Morse Code Interpreter

[Sulaiman Habsi] and two classmates put together a Morse Code interpreter as a class project at Sultan Qaboos University. The system listens to a morse code signal using a microphone, then translates that input to text which is displayed on this character LCD.

The breadboarded circuit feeds an audio signal from the microphone, through an OpAmp, to the ADC of an ATmega8 microcontroller. The captured signal is stored as a byte in a special way. The three least-significant bits signify how many total dots or dashes are contained in the character, the remaining bits represent those dots and dashes with zeros and ones. A full description of this process is included in a PDF linked in the article above. As you can see in the video after the break, the hardware waits to process all of the signals once the full message has been received.

This would be a great add-on for a Morse Code practice keyer.

10 thoughts on “Morse Code Interpreter

  1. I’m curious what speed it can handle.

    Anyone remember that Travolta movie where he listened to the local army base’s recorded Morse code. it was played in repeat really fast and he cracked it.

    Something about the Gardens and he told them Spring is late Water the south garden or something.

    Anyways my point, would be pretty cool if it could handle something like that.

  2. I’ve done similar. You might not even need the op-amp. I setup a zero-crossing detector at the input to the micro’s ADC with a decoupling cap, two diodes, and two resistors. Works great.

    1. i would be interested in a project where the arduino can have an audio signal fed into an (analog)? pin and the cw outputted on a 2×16 lcd and maybe a piezo speaker. im sure that there is enough processing power to accomplish this without external interfaces.
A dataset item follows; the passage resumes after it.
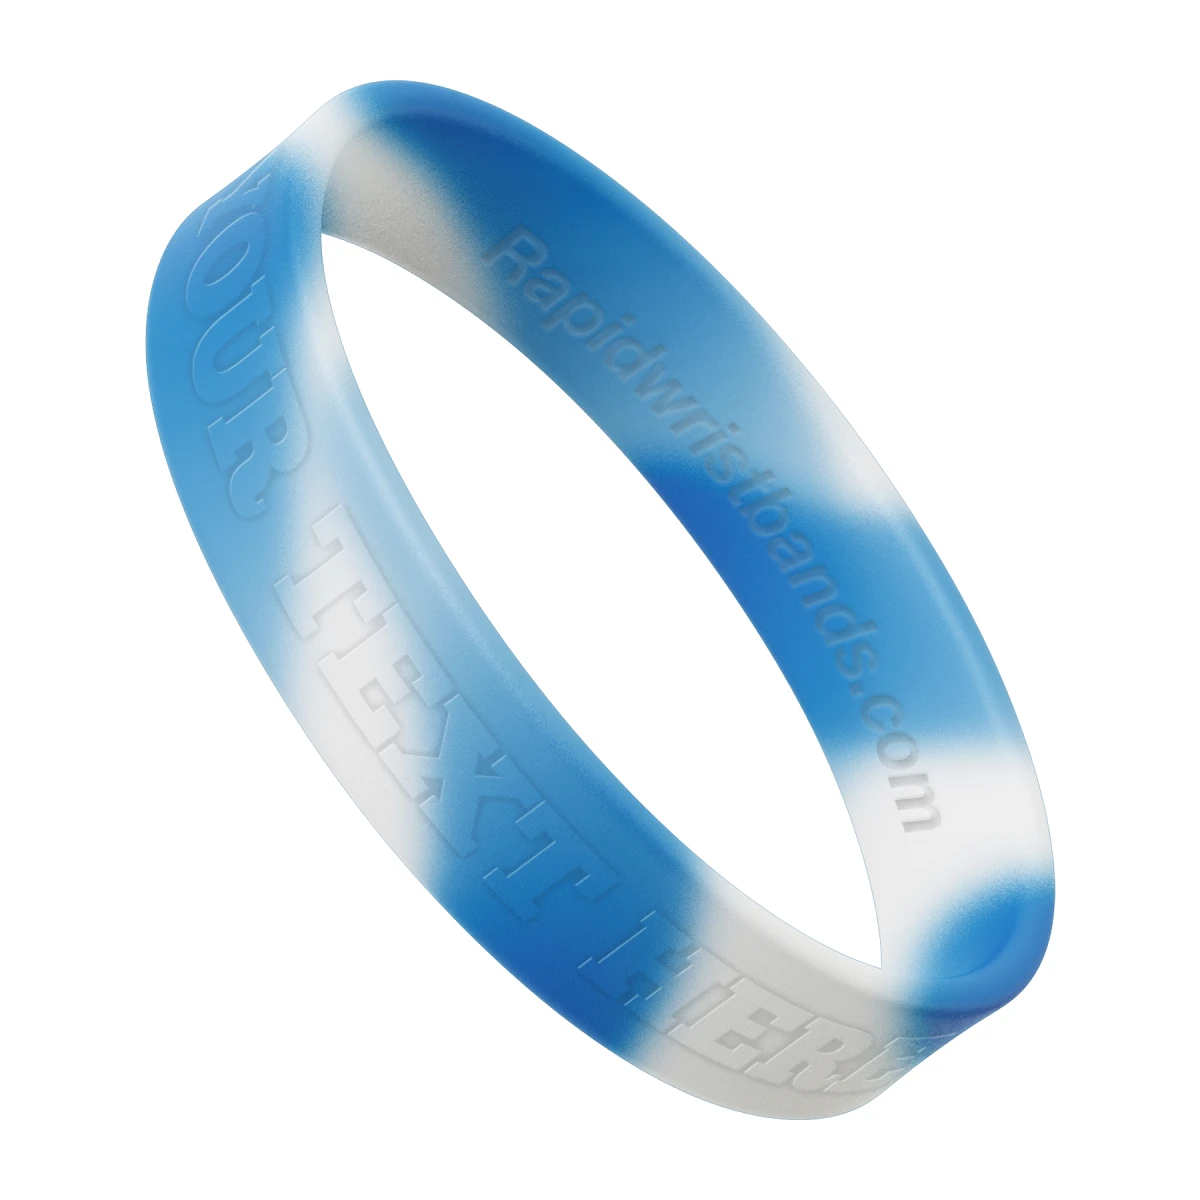 Swirl Blue/White Wristband With Your Text Here Embossed

  3. Nice start! Glad to see morse code projects here.

    There’s a lot of room for improvement yet. A nice interpreter should do it in realtime and adapt to speed. This is especially important for practice. The code sent by a manual key by unexperienced sender is going to have a lot of speed deviations. Another thing that would be nice to see is a realtime (pseudo)graphical display of incoming signal, so you could see where exactly you make mistakes. For rhythm-challenged people like me it can be very helpful.

    Now that there’s an input opamp anyway, probably 2 of them in one package, one could implement a 2nd order bandpass filter to filter out ambient noise.

    I have other ideas about filtering but they’re unproved and I’m going to keep them for myself for the time being :)

    1. Some kind of pseudo-AI that weighed the likelihood between uncertain characters would be awesome, and help compensate for noise or inexperienced/poorly-skilled senders.

      Eg, if you thought you heard QRZ Q?Z ?RZ, it would figure out that it likely says QRZ QRZ QRZ and display that (with some kind of feedback showing the characters that were deduced).

  4. I’d use a cheap LM567 tone decoder…. Plus I’d listen for a few characters and then determine the speed and spacing of the sender and quickly jump back and decode from the first detected dit or dah.

  5. Pretty cool!

    I designed a headband with a motion detector that is sensitive enough to pick up the heartbeat and can thus easily detect rapid eye movements. And I wrote a program that plays audio tracks when it detects that I am dreaming. I can sometimes hear the songs in my dreams and act on that knowledge — by flying, for example.

    I have been training myself to blink in Morse Code patterns and have started writing a plugin that can decode blinking patterns in hope that I can transcribe live from within a dream one day. You can see my latest debugging session on LSDBase and download the raw data.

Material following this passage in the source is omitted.